Earlier I mentioned former Solicitor General John MacBeth, the very fine former member for Humber. His police legislation was troubled a number of times and it was withdrawn once, if not twice. There was the Toronto Islands bill, where the Minister of Intergovernmental Affairs knew he had put both feet into a hornet's nest. In that marvellously smooth and orderly way the member for Scarborough North withdrew so gracefully, it was a sight to behold.

What does the Minister of Education do upon encountering a hornet's nest?

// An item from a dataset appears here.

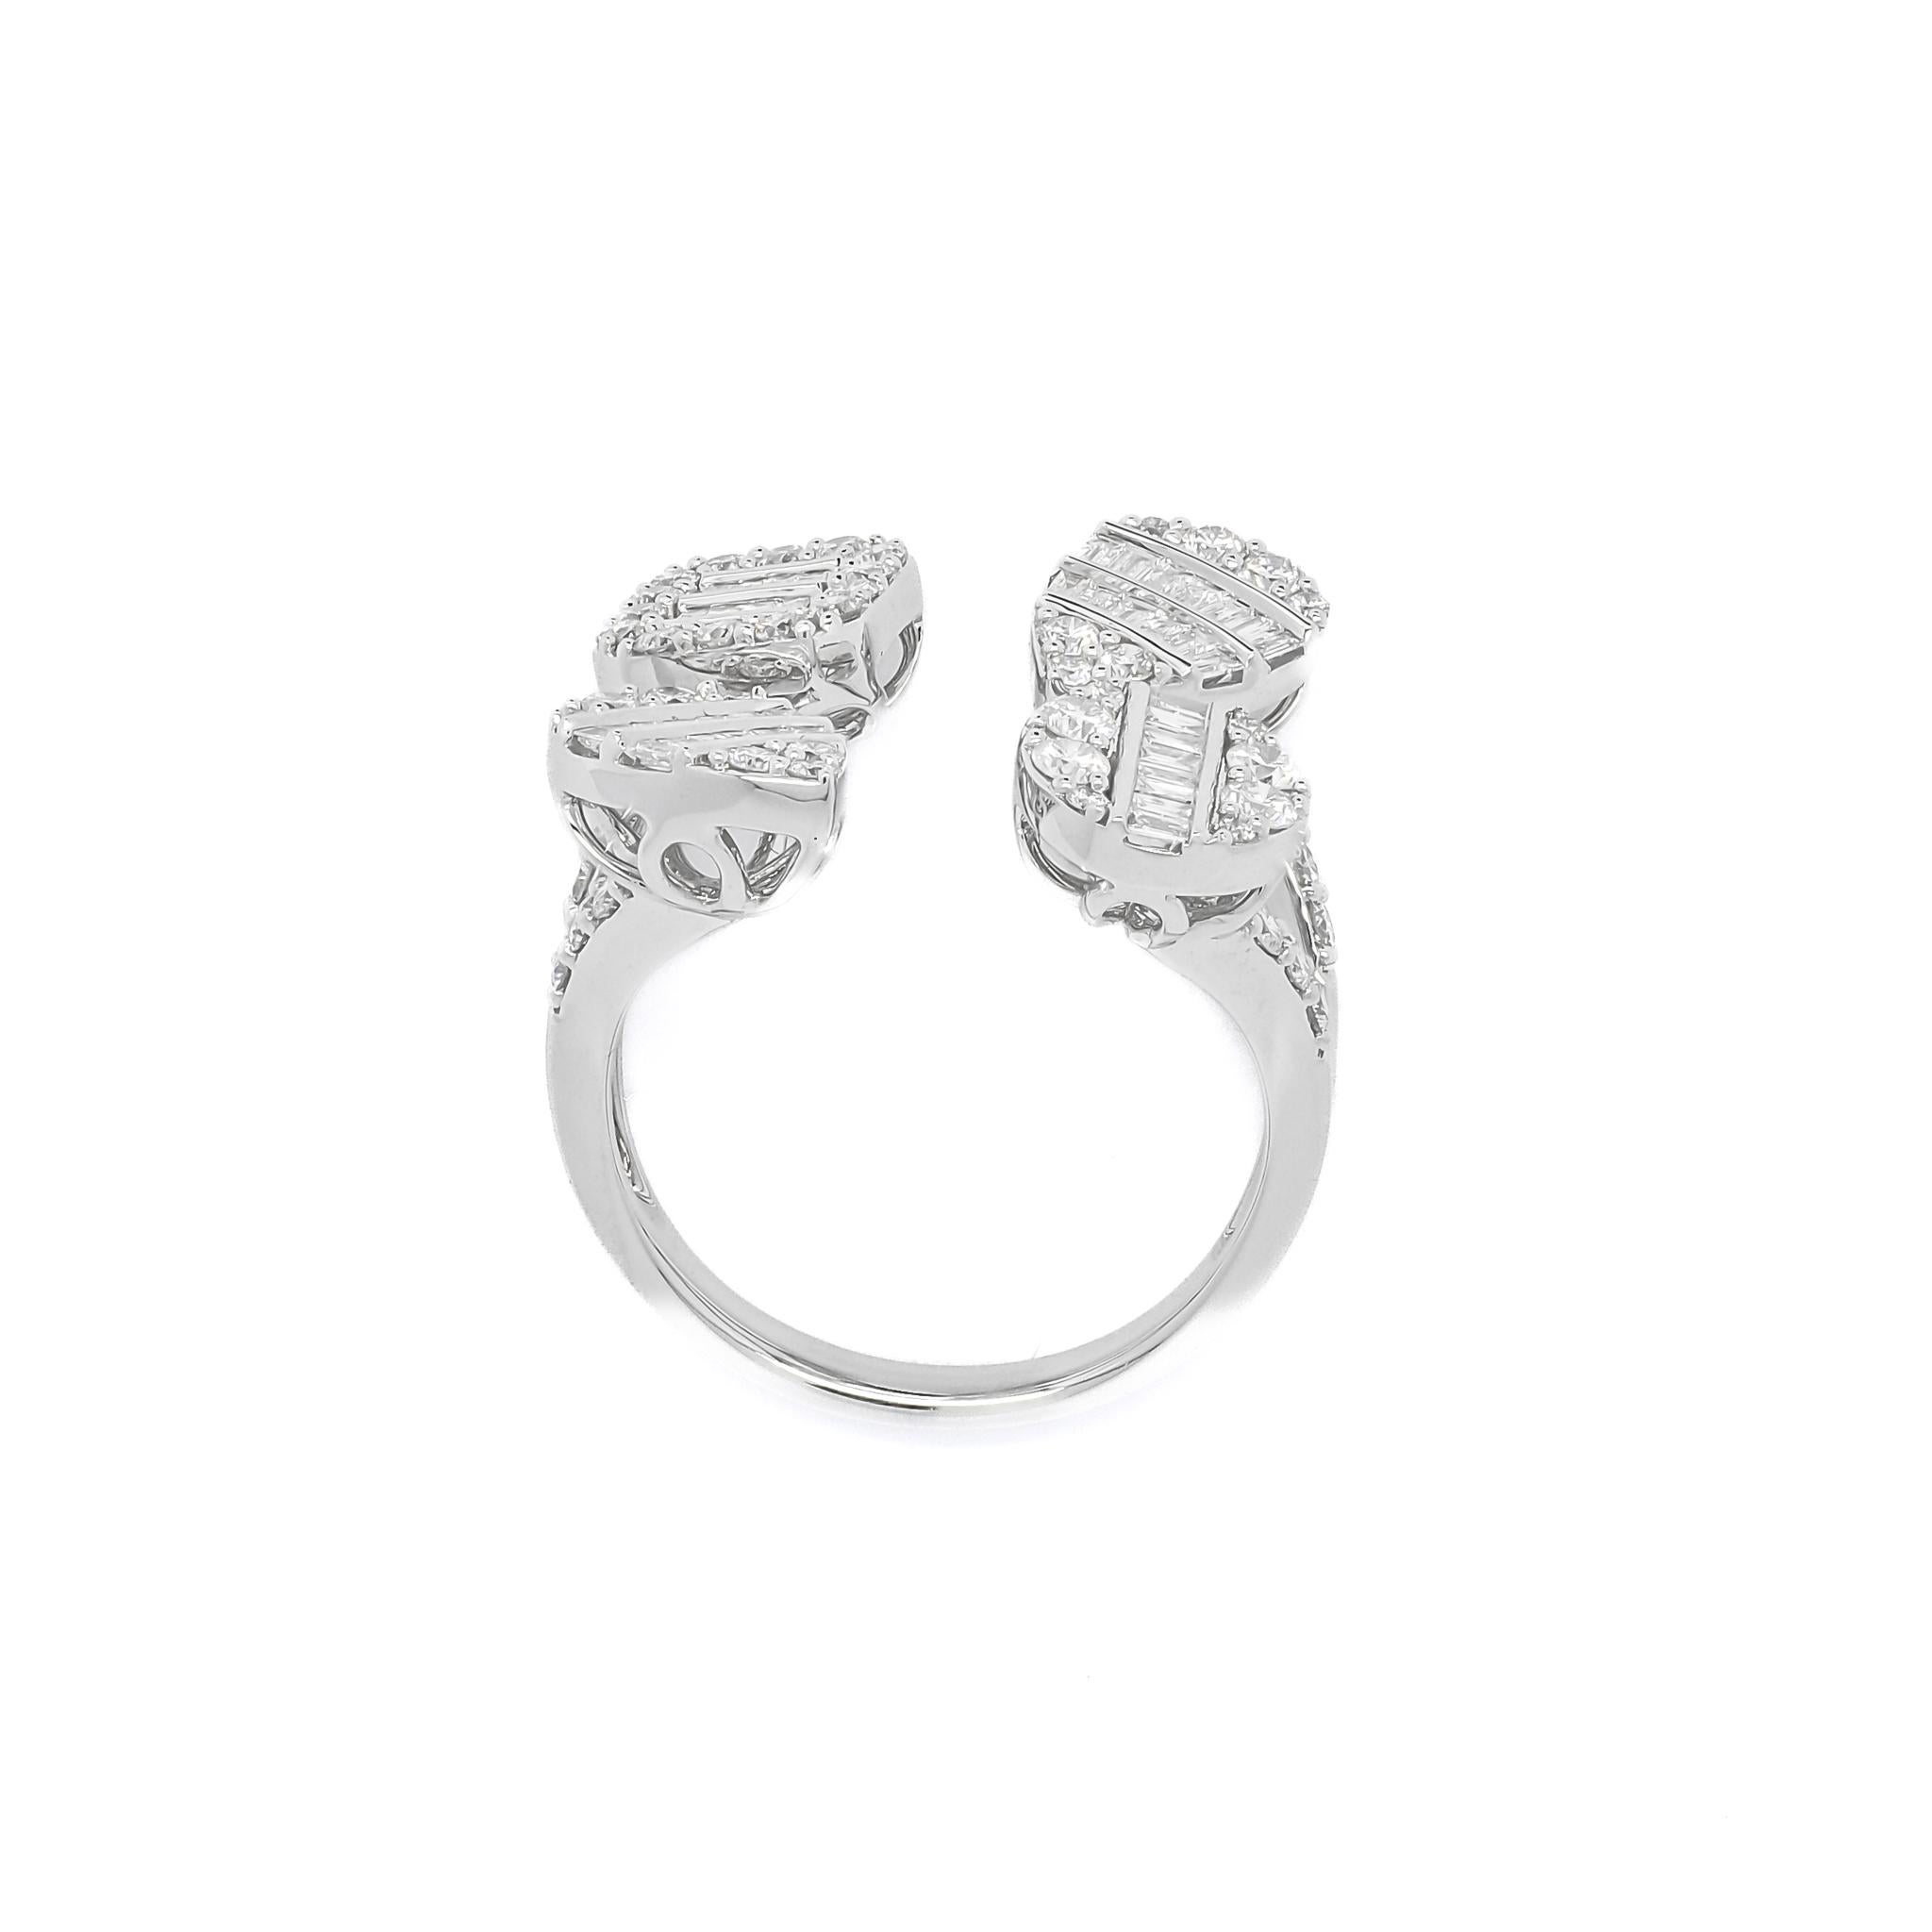 Round Cut Natural Diamond Ring 1.23 cts 18 Karat White Gold High Fashion Statement Ring For Sale

She plants it squarely on her head and lets the infectious wasps sting her and infuriate her more. Members know what that does to the mood of the session in its 11th hour. I cite for the attention of my five friends --

Interjections.

The Acting Speaker: Speaking to the motion. Order, please, by other honourable members.

Mr. Conway: I draw to the attention of the five members I singled out moments ago sitting in the upper corner of the government's back bench -- a distinguished array of talents and ministerial potential, I must admit -- that to understand why this government notice of motion is so distasteful is to understand that there are alternatives. I just mentioned a couple of the ways.

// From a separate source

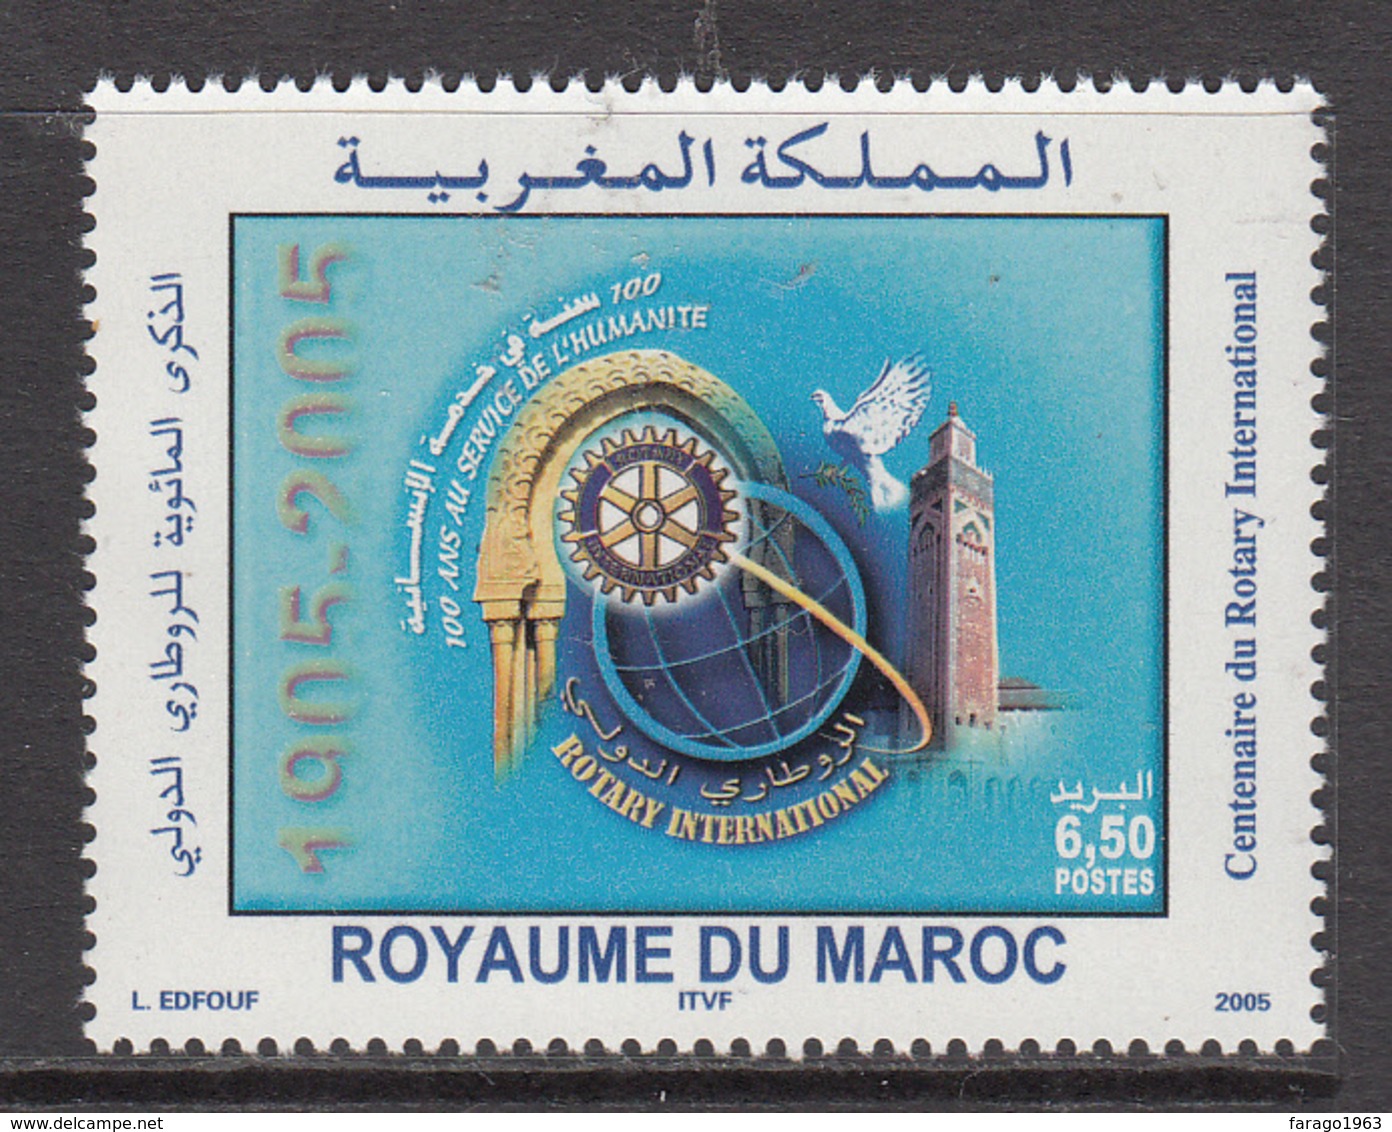 2005 Morocco Maroc  Rotary International Complete Set Of 1 MNH - Morocco (1956-...)

If all else fails, if we cannot get agreement, if moderate debate on the principal issues and major amendments in the committee stage before third reading comes to naught, then we know our forbears in this distinguished place had a contingency plan to deal with that: standing order 36.

Mr. Martel: They never use it.

Mr. Conway: My friend the member for Sudbury East points out that it has been rarely used. If I am not mistaken, until it was used on the Suncor matter, it was some 40 or 50 years before that kind of motion could be found in practice in the Ontario Legislature. It is there and it is not there by accident. Its relatively infrequent use is no accident at all.

Through the chair to my honourable friends opposite, the members for Timiskaming, Stormont, Dundas and Glengarry, Lakeshore and elsewhere, I have to say that there is a way to break the jam. There is an alternative to government notice of motion 11 which is not popular.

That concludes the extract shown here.